The trainer lifted the top off the cage and laid it on the cage the Cubone had been living in, then he turned back to Aurinko and reached his arms into the cage. Aurinko immediately snuggled into his arms, feeling his strong, gentle hands ruffling through her fur.

He placed her in a cardboard box lined with blankets and carried her back outside to the car. She was nearly two months old, and this was only her second time out in the sunlight, third if her trip from the Pokémon Centre to the Pokémon Rehabilitation Clinic was worth counting. Now she was making her way back to the place where she was first healed.

“Hello there!” the nurse greeted when the Safari Zone man brought Aurinko in. Aurinko pricked her ears at the familiar voice of the pink-haired trainer who had somehow managed to heal her. “Back to have the cast off, I gather?”

The Safari Zone man nodded, grinning broadly. “She’s been a very well-behaved little girl, haven’t you?” He tickled Aurinko under the chin, something that she suddenly decided she quite enjoyed.

The nurse lifted her from the box and placed her on a small wheeled trolley the Chansey had wheeled out for her, and transported her into the operating room she had been in slightly more than a month ago, only this time she was well and truly alive, as opposed to the leaning-towards-death situation she had been poised in on her first visit.

She was pushed to the middle of the room, where a black curtain was dropped over her neck, blocking her view of the nurse.

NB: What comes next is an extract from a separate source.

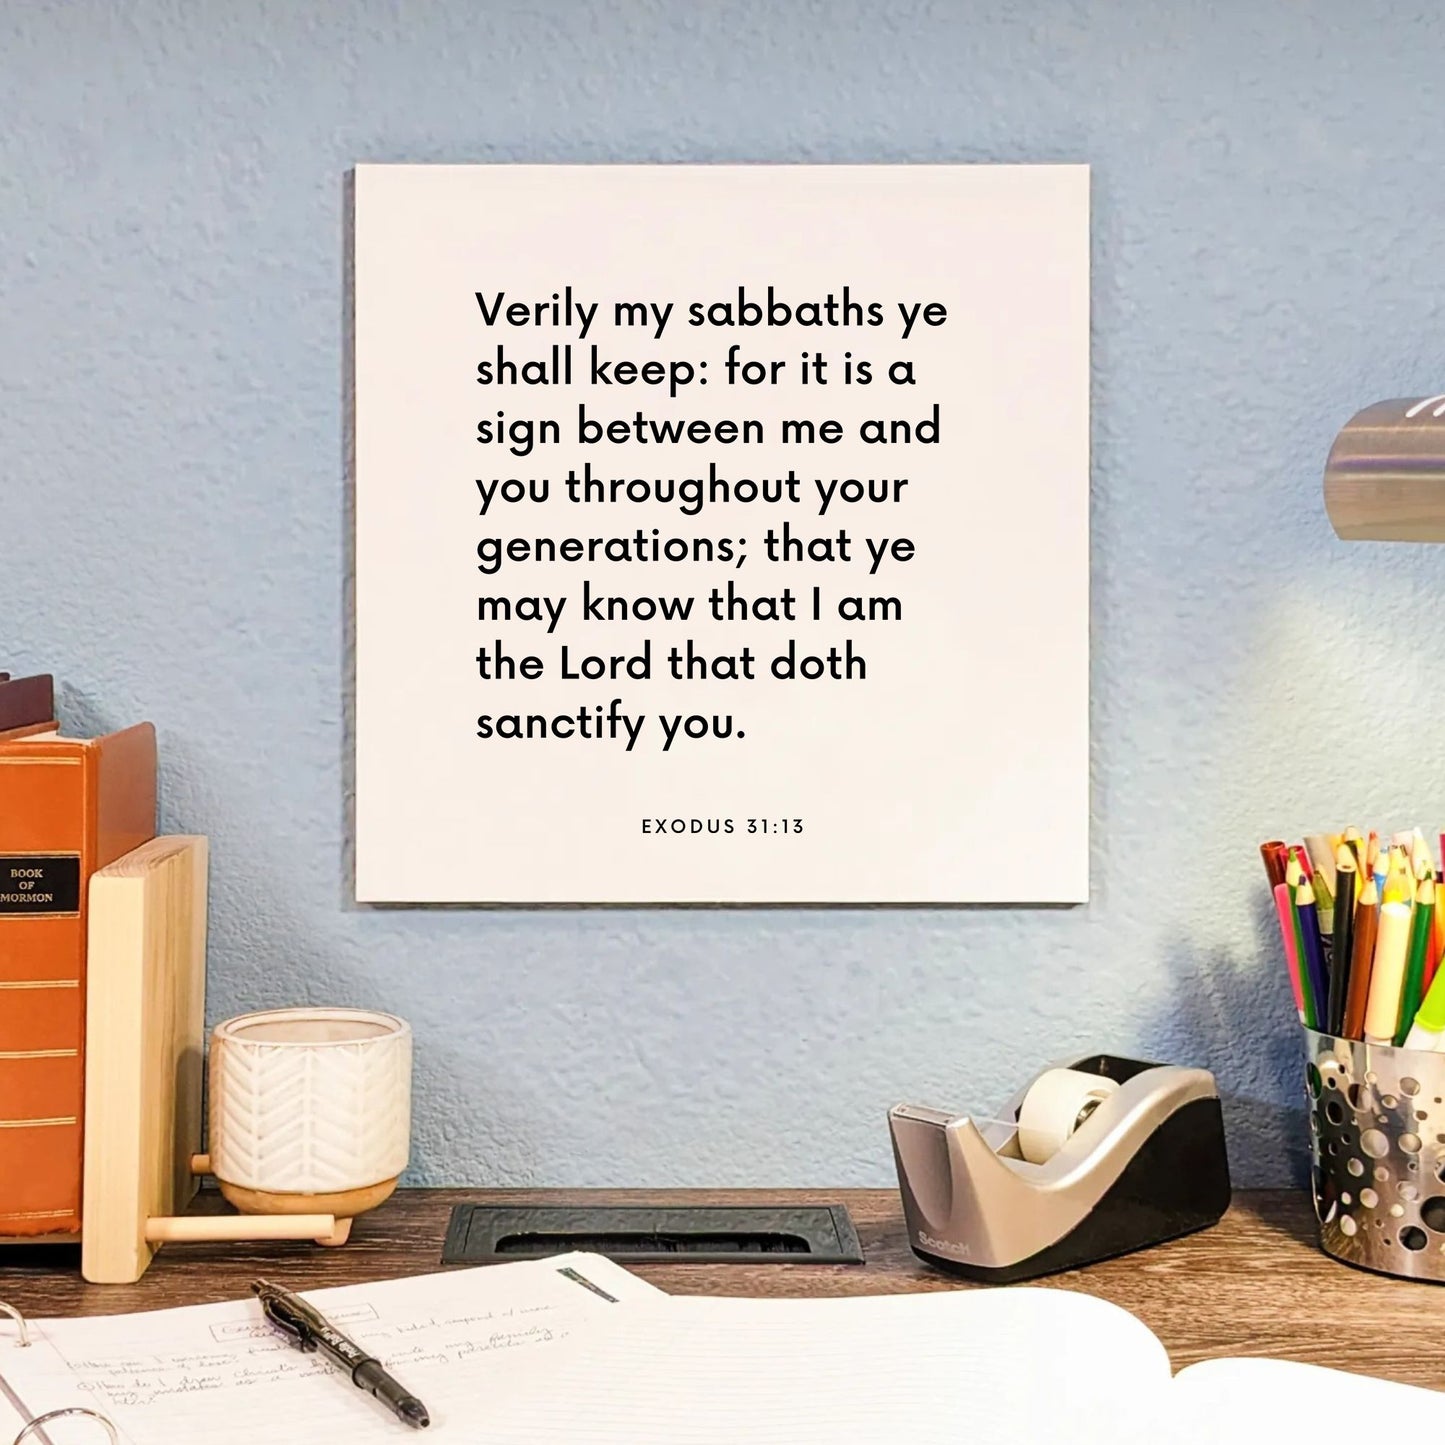 Desk mouting of the scripture tile for Exodus 31:13 - "Verily my sabbaths ye shall keep"

She heard a strange whizzing noise that sent shivers up her spine. The sound changed and she felt a pressure on her previously broken leg. It continued on, pushing its way down to her foot, where it suddenly stopped, and the most amazing feeling washed over her.

Freedom. Her leg was suddenly free of the heavy white lug of a thing that had disabled her for more than half her life. She felt the funny-smelling air of the operating room grab onto her old, sweaty fur and give it new life, penetrating through to her sweat-sogged skin and completely refreshing her.

The nurse lifted her leg and Aurinko could feel cool, silky water washing over it, cleaning away all the fur that had fallen out, all the dead skin and all the sweat that had been combined to give her the most annoying itch ever. Finally, she was free.